Глава третья «На всех парусах летит моя бригантина»
Глава третья
«На всех парусах летит моя бригантина»
Луи возвратился домой нежданно-негаданно: ничто не было приготовлено к его встрече, да и сам сэр Томас только что уехал по делам службы в Глазго. Миссис Стивенсон гостила у сестры в Сванстоне. Луи вошел в свою комнату и, прежде чем идти в ванную, чтобы вымыть лицо и руки, внимательно оглядел с детства знакомые вещи: диван, круглый стол подле него, шкаф с книгами, бюро в простенке, бронзовые часы на камине, кресло перед письменным столом, а на столе… Странно – на столе лежит библия в толстом кожаном переплете, рядом с нею стоит плетенная из ивовых прутьев корзинка, а в ней очки, моток красной шерсти, альбом с дагерротипами и фотографическими карточками, медный звонок с длинной деревянной ручкой, – тоже хорошо знакомые с детства вещи; они принадлежат старой Камми. Но зачем и кто перенес их сюда, на стол?..
Луи тряхнул звонок, стоявший на маленьком круглом столике. Минуту спустя вошел Ральф; он поклонился молодому хозяину, поздравил с благополучным прибытием, спросил, что угодно. Луи взглядом указал на библию и корзинку с вещами:
– Почему всё это у меня на столе?..
– Разве сэр Томас не писал вам? – удивленно ответил Ральф.
– О чем писал? Я ничего не знаю! В чем дело?
– Так распорядилась Камми, сэр.
– Когда распорядилась, о чем? Ничего не понимаю! И, кроме того, для тебя я по-прежнему Луи, а не сэр!

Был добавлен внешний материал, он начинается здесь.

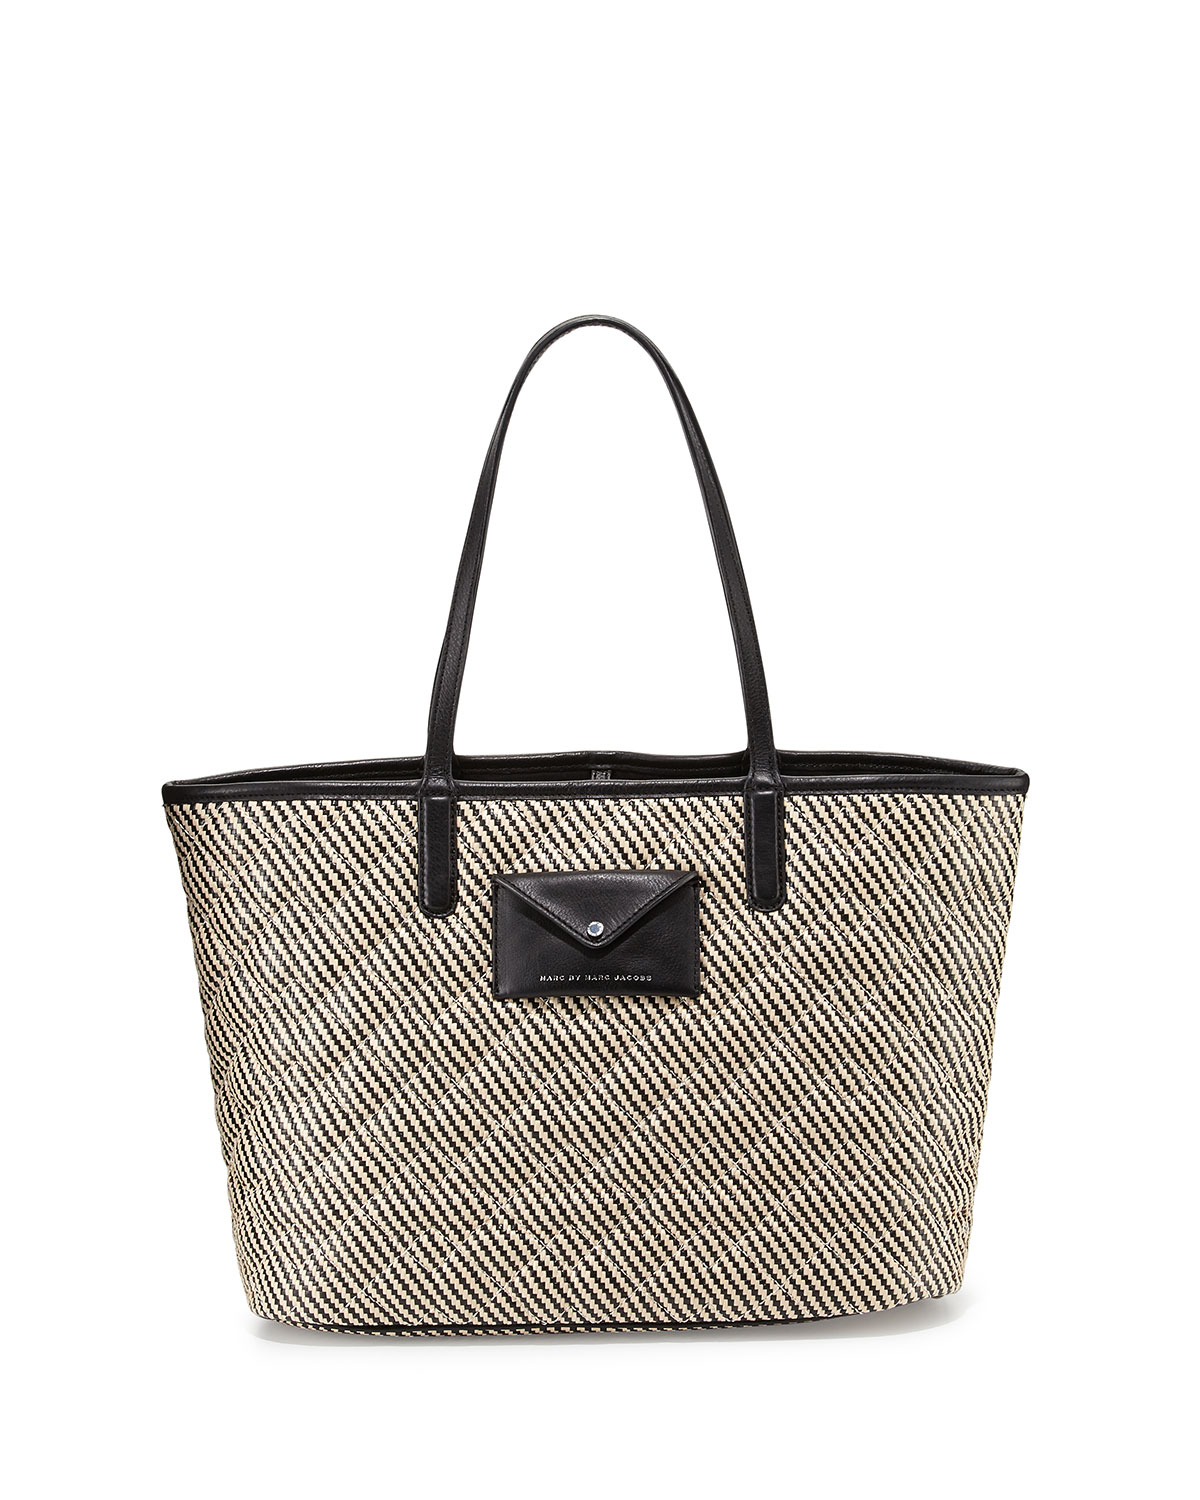 Marc By Marc Jacobs Metropolitote Straw Tote Bag in Beige (straw)

– Разве вы не знаете, что Камми умерла? И что она распорядилась перед смертью, чтобы эти ее вещи были переданы вам? На память, сэр. «Это всё мое наследство», – сказала она… Не надо плакать, Луи! Ваша нянька дожила до глубокой старости.
Ральф вышел из комнаты, а Луи, забыв о ванной, опустился в кресло у стола; одну руку он положил на библию, пальцами другой стал перебирать содержимое корзинки. Трудно и больно представить себе родной дом без Камми, невозможно поверить, что ее нет на свете. «Два моих друга – человек и собака – расстались с этим миром в мое отсутствие, – вслух произнес Луи. – Два живых существа горячо и преданно любили меня, а я забывал о том, что они есть на свете… Бедная старая Камми…»
Он целовал, как священную реликвию, простой моток шерсти, сжимал в своей руке очки в потемневшей металлической оправе; рассматривал фотографии в альбоме; там было несколько дагерротипных снимков с колыбели, в которой лежал маленький Луи, десяток смешных рисунков: домик, кораблик, человечек с рогами на лбу и хвостиком за спиною, маяк, паровоз… И на каждом рисунке неумелая, крупная подпись: «ЛУ СТИВЕНСОН» – и дата: «1856 год».
«Всё помню, всё вижу; даже запахи детства, как ветерки, проносятся предо мною, – шептал Луи. – Мне было шесть лет, когда я рисовал этот домик, человечка с рогами… О, Камми, Камми!»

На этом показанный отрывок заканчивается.